Russia, Japan to sign accords, Putin to meet with Japan PM
MOSCOW. Sept 6 (Interfax) - Russia and Japan plan to sign a series of agreements this week as part of the program for a planned meeting between Russian President Vladimir Putin and Japanese Prime Minister Yoshihiko Noda.
Putin and Noda will meet on the sidelines of a planned Asia-Pacific Economic Cooperation (APEC) summit in Vladivostok, Russia, on Friday and Saturday, Kremlin aide Yury Ushakov told reporters.
The planned agreements would include an accord on measures against fish and seafood poaching in territorial waters, a memorandum of understanding between Russia's Gazprom and Japan's Agency for Natural Resources and Energy, and a contract to build a large timber complex in the Krasnoyarsk territory, Ushakov said.
The two leaders are going to discuss investment in energy production, in motor vehicle manufacturing, in shipbuilding, and under high-tech and innovative projects, including in the production of pharmaceuticals and agriculture, according to Ushakov.

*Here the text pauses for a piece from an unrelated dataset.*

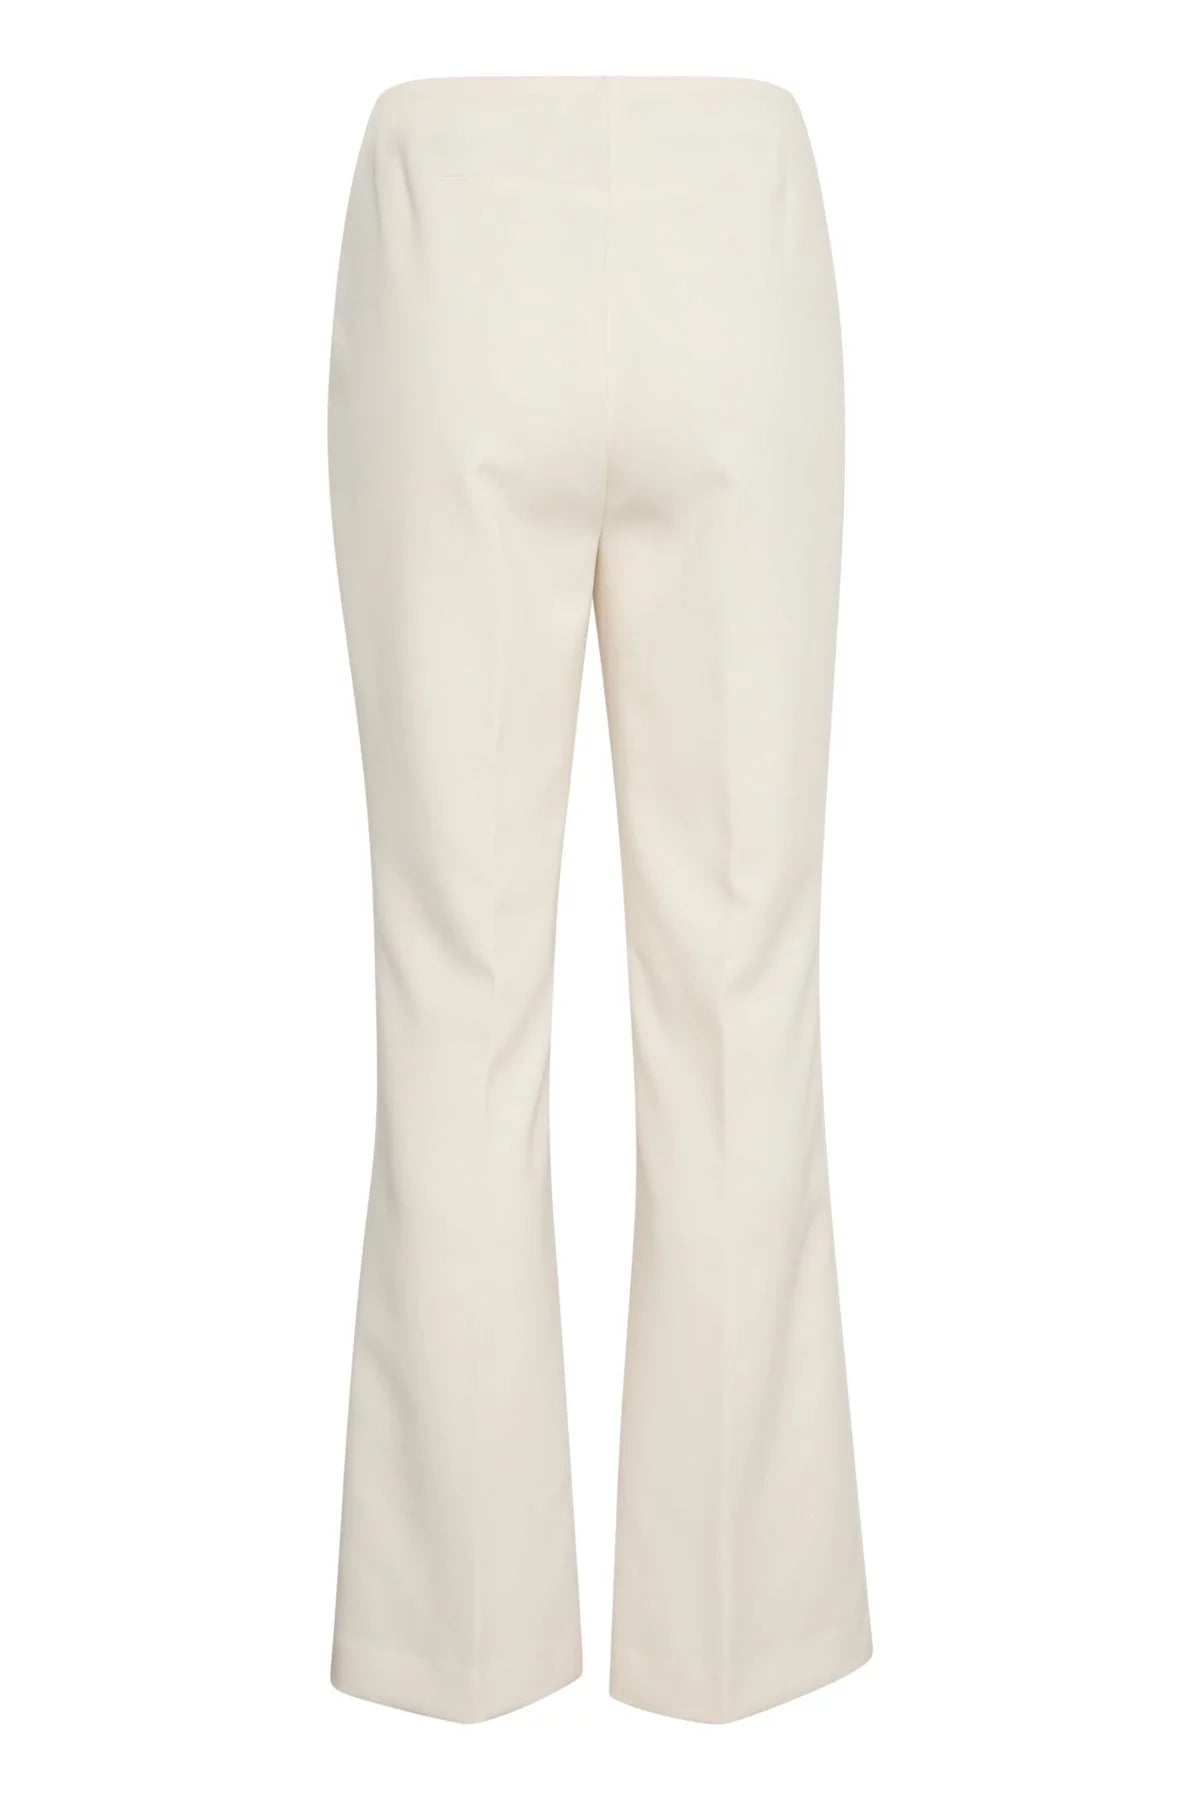 Soaked in luxury - Corinne pants, whisper white by Soaked in luxury | stylebykul
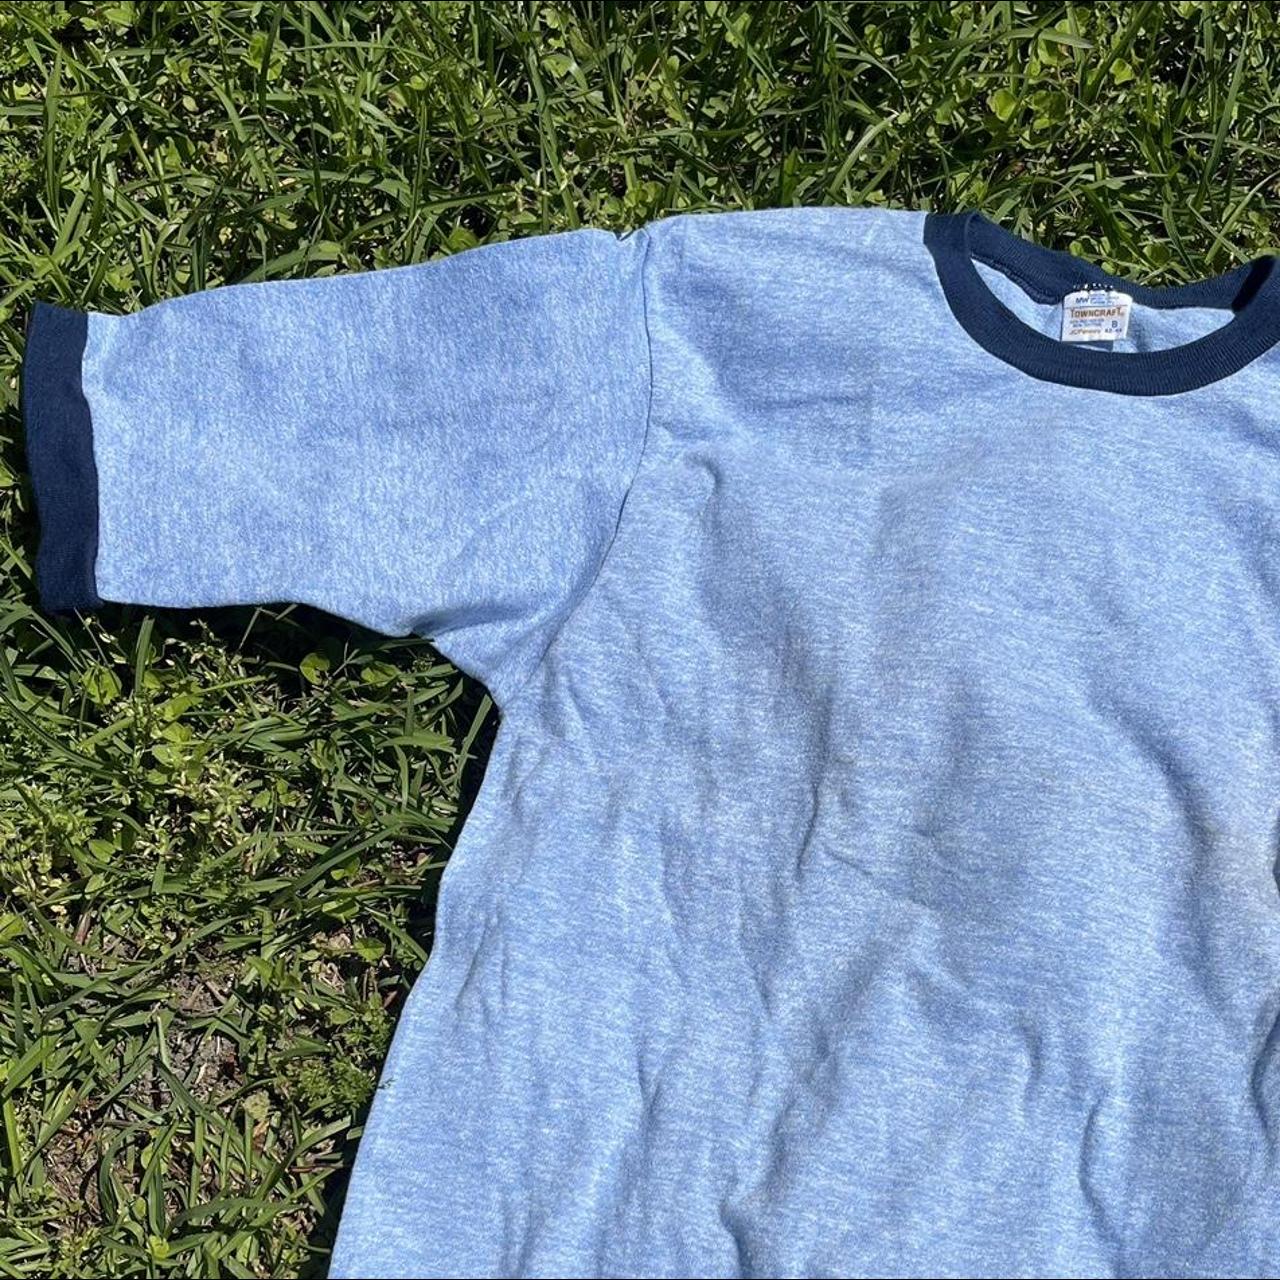 Sears Men's Blue and Navy T-shirt | Depop

They will also consider building closer ties between individual Russian and Japanese regions.
Russia and Japan are involved in an intensive political dialogue, Ushakov said. Putin and Noda last met on June 18 in Los Cabos, during the last summit of the Group of 20, and in July the Russian president held talks with Japanese Foreign Minister Koichiro Gemba in Sochi, Russia.
Putin and Noda will also raise cultural issues, chiefly in connection with a planned visit of the head of the Russian Orthodox Church, Patriarch Kirill, to Japan on September 14-18. Kirill's planned trip marks the death centenary of Saint Nicholas of Japan, a Russian monk and priest who brought Eastern Orthodoxy to Japan.
At the same time, a sovereignty dispute about four Pacific islands continues to dog Russian-Japanese relations.
The four South Kuril Islands - Iturup, Kunashir, Shikotan and Khabomai - were annexed by the Soviet Union from Japan during World War II, and Japan demands them back.
Moscow and Tokyo still have not signed a peace treaty to put a formal end to their wartime confrontation as Japan makes its signature conditional on the return of the islands. Russia has been suggesting holding talks on a peace treaty but refuses to give the islands back.